ZHENG Hao-tian1, ZHANG Shu-chuan1,ZHU Jun-qi2   

  1. (1.?? College of Safety Science and Engineering, Anhui University of Science and Technology, Anhui Huainan 232001, China; 2. College of Economics and Management, Anhui University of Science and Technology, Anhui Huainan 232001, China)
  • Online:2022-01-15 Published:2022-01-15

Abstract: In order to improve the accuracy of fire detection and avoid the standard ELM falling into local optimization, this paper constructs a fire detection model based on the fire characteristic value CO concentration, smoke concentration and temperature, and optimizes the ELM input layer and the hidden layer weight and bias through PSO. The best optimal value is used to train the extreme learning machine network, and the trained network is used to predict the test samples and verify the effectiveness of the method.

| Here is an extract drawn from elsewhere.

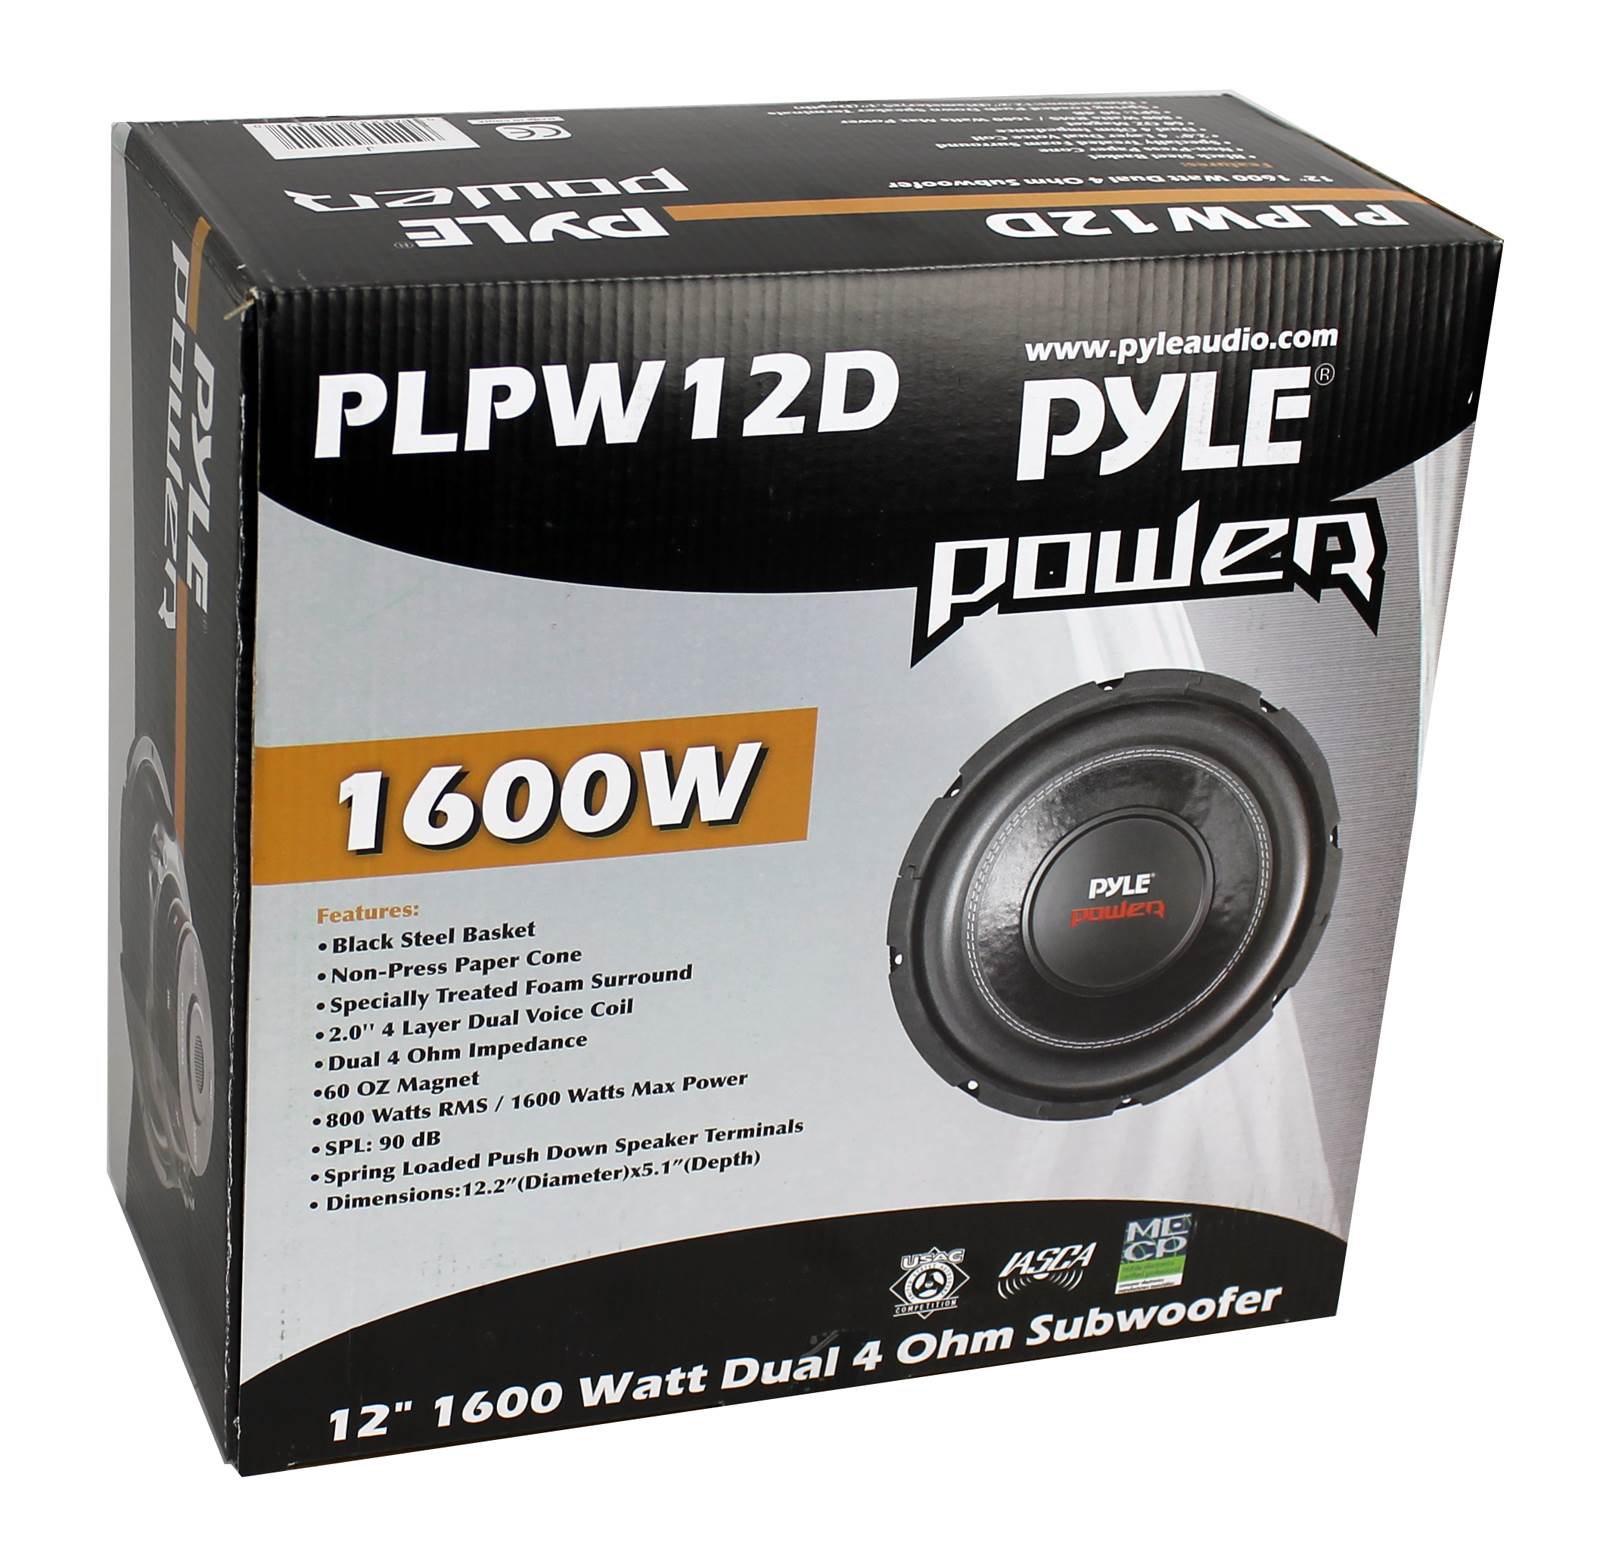 NEW Pyle PLPW12D 12'' 1600 Watt Dual Voice Coil 4 Ohm Subwoofer

The study shows that the mean square root error (RMSE) of PSO-ELM is 1.403%, the average absolute error (MAE) is 1.055%, and the average absolute percentage error (MAPE) is 1.183%. Compared with BP, GA-BP and ELM models, the algorithm accuracy and generalization ability are obviously improved. At the same time, PSO-ELM model training speed is faster, can improve the fire detection ability more efficiently.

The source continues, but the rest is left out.